President Obama is for it.
"An open Internet is essential to the American economy, and increasingly to our very way of life," writes the president in a recent statement asking the Federal Communcations Commission to issue rules to protect it.
Internet service providers like Comcast and Verizon seem to be mostly against it.
And, it seems everyone's got an opinion about it, even comedian John Oliver.
“Net neutrality is actually hugely important," Oliver says. "Essentially it means that all data has to be treated equally no matter who creates it. It's why the Internet is a weirdly level playing field and start-ups can supplant established brands. That's how Facebook supplanted Myspace, which supplanted Friendster, which supplanted having any friends."
Joking aside what exactly is net neutrality?
To understand the concept of net neutrality you first have to understand the backdrop of the Internet itself, says Jonathan Zittrain who heads the Berkman Center for Internet and Society at Harvard Law School.
“The Internet is kind of a collective hallucination. It is only a set of protocols that say if somebody joining this network, connecting however it can, speaks those protocols, it’s a full-fledged member of the network. That’s one reason why the Internet has no main menu, it has no CEO, it has no business plan,” says Zittrain.
Net neutrality is a way to keep the Internet just as it is, as a platform of equal access for all to use it.
“It’s essentially trying to say to certain Internet Service Providers (ISP) don’t start playing favorites," he says. "Don’t start saying there’s certain websites we’re not going to let you get to and if you don’t like it, go someplace else. And we won’t let you say that we we’re going to let some bits go faster than others. That’s the basic idea behind a net neutrality rule.”
We have de facto net neutrality now in the United States says Zittrain.

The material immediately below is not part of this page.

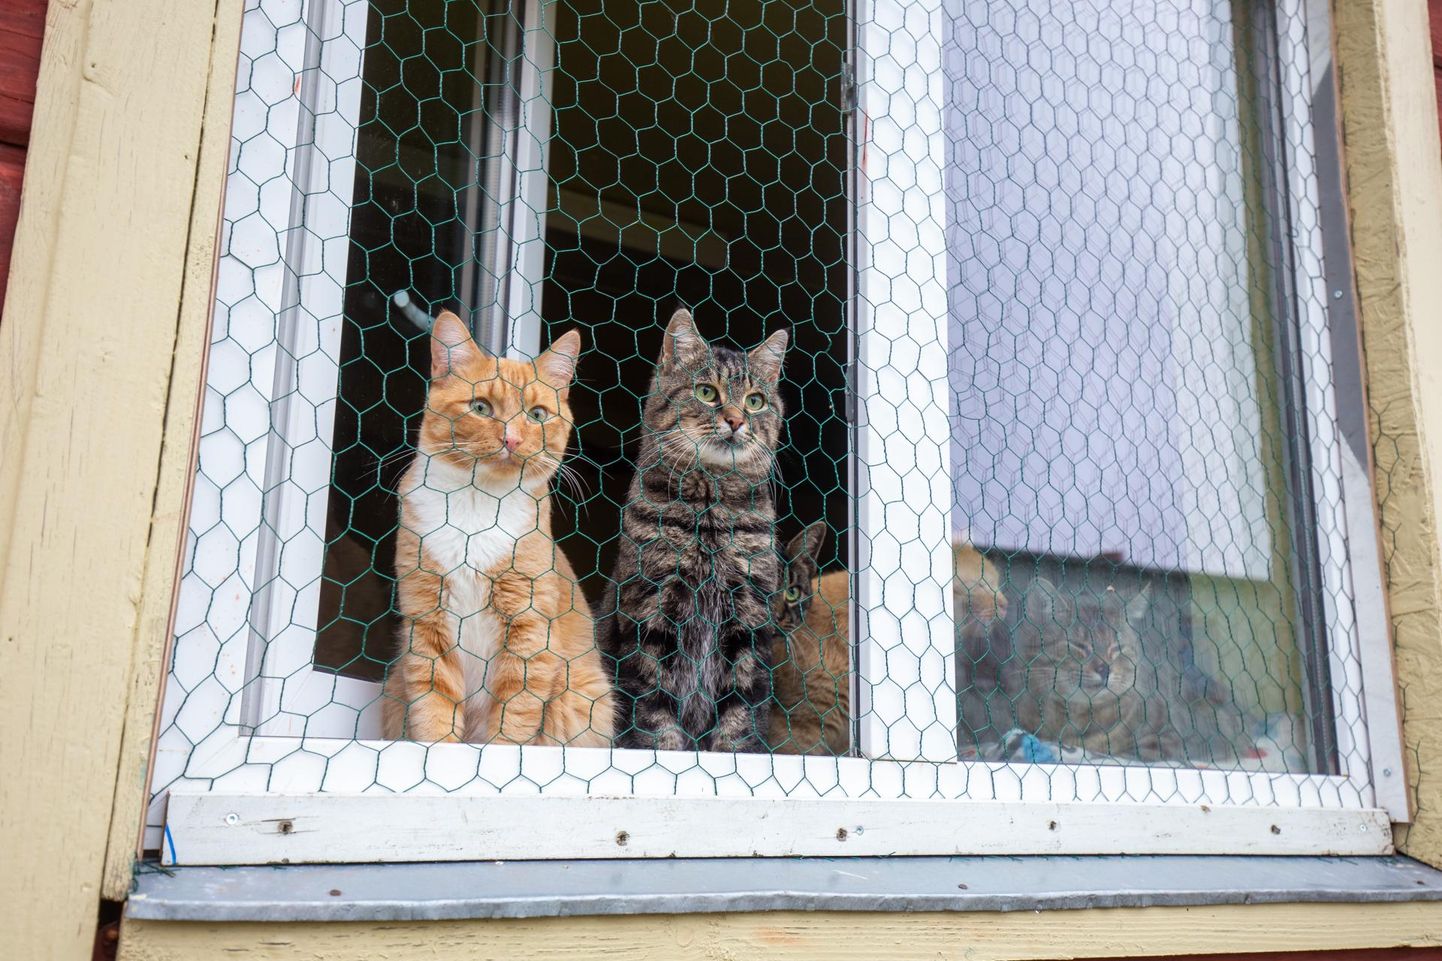 Kui kass on võetud, tuleb jälgida, et loomake avatud akna kaudu põgeneda ei saaks.
 
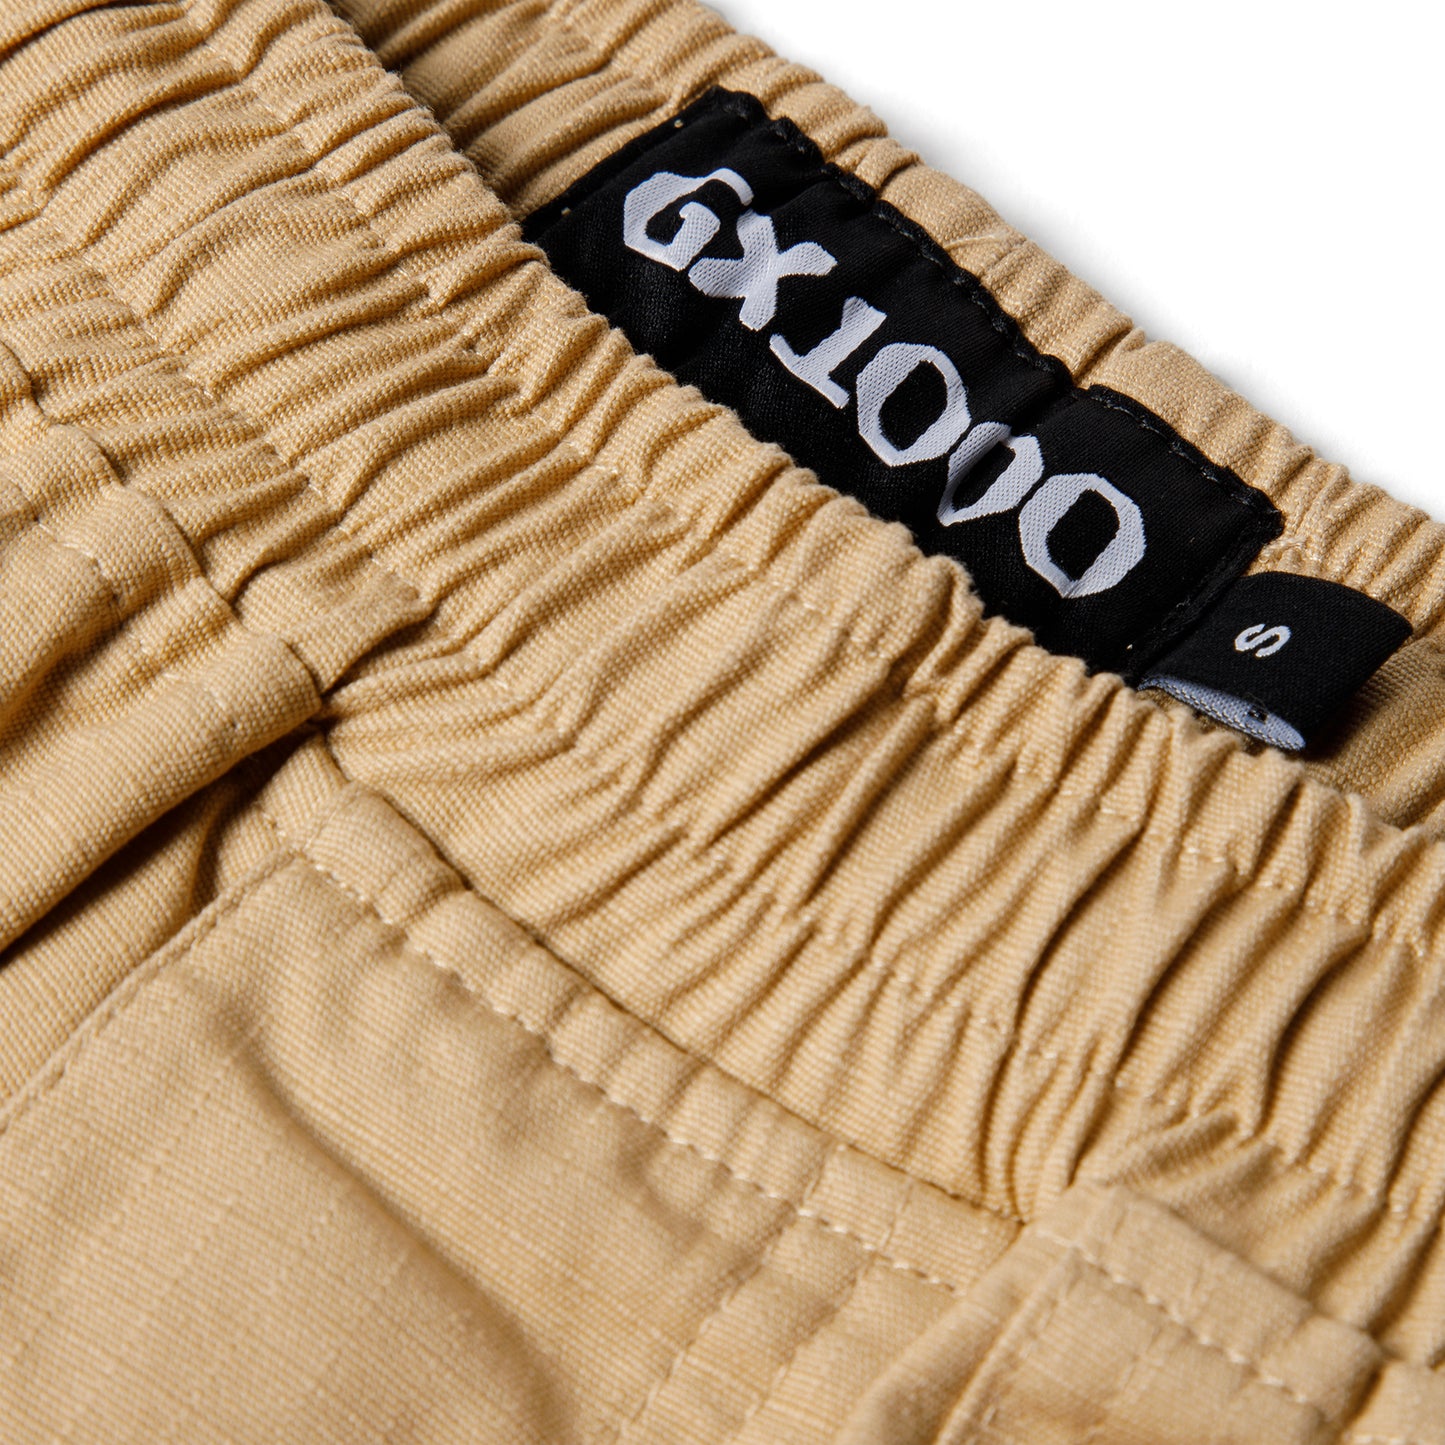 GX1000 Dojo Pants (Khaki)

“When you do have a broadband provider it’s basically still using those efforts to get your packets to where they’re going. A lot of the net neutrality worries are frontloaded toward worries that have not come to pass yet in which ISPs might choose to get creative with their business plans and start saying, ‘Oh if you want a video conference use our solution because you’ll find that Google Hangout or FaceTime or whatever it might be doesn’t work so well on our network.’ Net Neutrality is trying to take stuff off of the table before it really gets there,” says Zittrain.
However there are some cases both real and anecdotal of the imagined scenario that Zittrain describes coming to pass. For example Netflix watchers have reported suspiciously throttled service over their Verizon network says Zittrain.
One of the basic tenants of a net neutrality rule is transparency according to Zittrain, that at the very minimum you should know what kind of rule your ISP is using to figure out how to get your bits to you.
Europe and Asia aren’t having the same debate over net neutrality as the United States because in many parts of the world, countries have what’s known as “open access” and customers have many different options for their ISP.
“It’s harder for the ISPs to act in ways that if someone, like the customer, doesn’t like it, ‘too bad you can’t switch’ because they can switch,” says Zittrain.
Not only do Internet users outside of the US have many more options for service providers, the speed in which they are accessing the Internet far exceeds the speed that we are accustomed to in the United States.
“Is what counted as fast in the year 2000 or 2002 still count as fast today? Zittrain asks. "There has been some pushbacks by ISPs not wanting to define fast up so that we can still say that we’ve got lots of broadband. But if you really look at the speeds available to the typical citizen, we’re not doing so great."